Figure 5.

The beneficial roles of Serpina3c in NAFLD. In normal liver, Serpina3c can inhibit Wnt/β-catenin signal pathway, promotes ubiquitination-mediated degradation of β-catenin, inhibits JNK/NF-κB signal pathway, reduces the expression of inflammatory cytokines interleukin 18 (IL-18), MCP-1, TNF- α, and decreases the expression level of intercellular adhesion molecule 1(ICAM-1) and TGF-β. These will reduce liver inflammation and fibrosis. However, in the NAFLD livers of Apoe and Serpina3c double knockout mice fed with HFD, due to the lack of Serpina3c, Wnt/β-catenin signal pathway could not be inhibited, making the entry of β-catenin into the nuclei, which interacts with Foxo-1 to activate TLR4 transcription.

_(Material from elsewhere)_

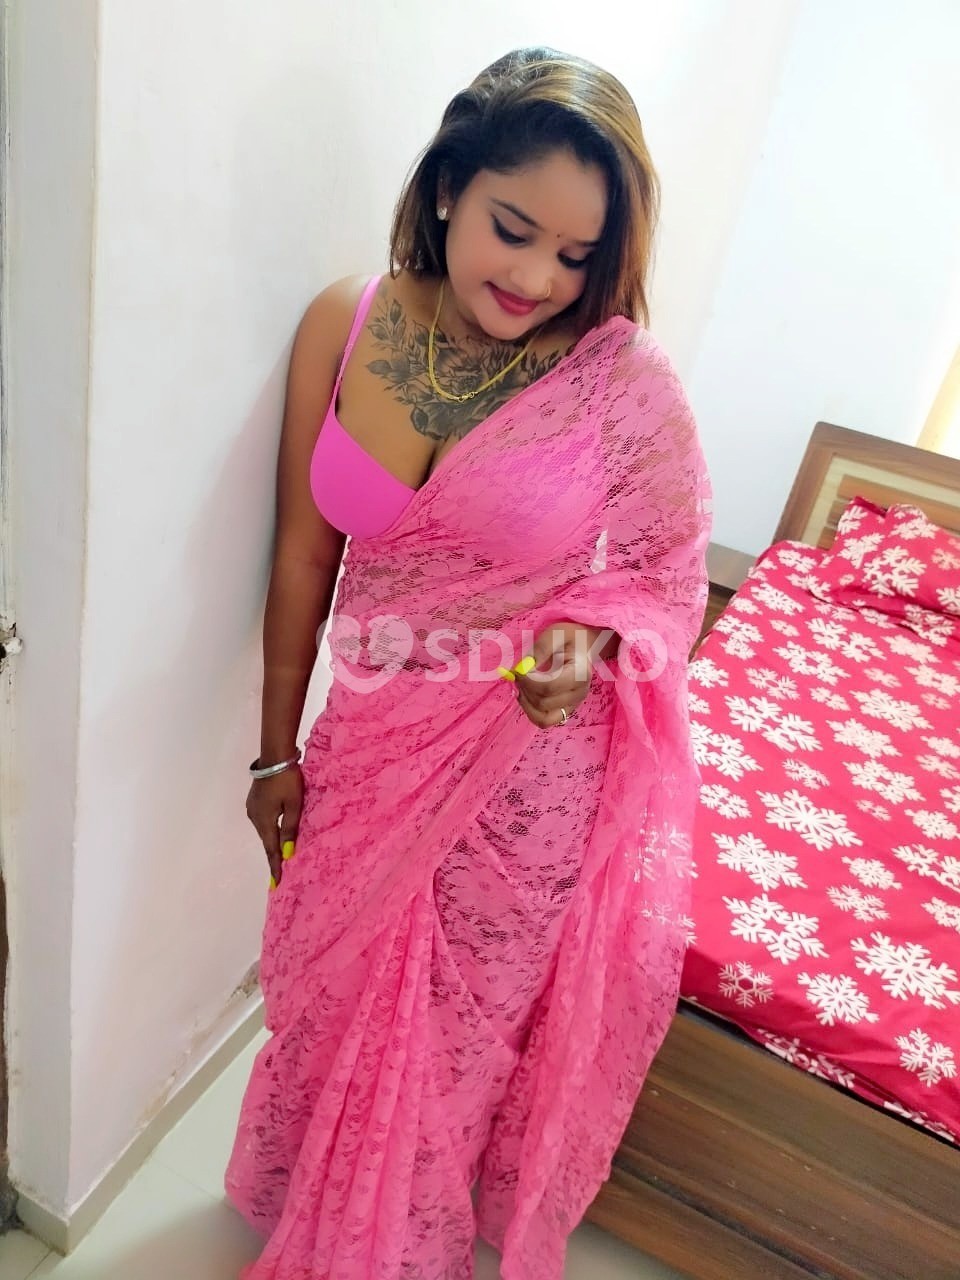 Btm layout AMISHA) (V I P) LOW RATE DIRECT ESCORT FULL SAFE AND SECURE 24 HORSE AVAILABLE BHABHI AND COLLEGE GIRL AUNTY

Increased expression of TLR4, and activation of downstream receptor interaction protein 3 (RIP3) and phosphorylation mixed lineage kinase domain-like pseudokinase (MLKL) will then induce hepatocyte necroptosis. The deletion of Serpina3c leads to the activation of JNK/NF-κB signal pathway and the increase of the expression of ICAM-1 and TGF-β. The content of extracellular matrix (ECM) will be increased. Together, these lead to more severe inflammation and fibrosis in the liver. (Created with BioRender.com).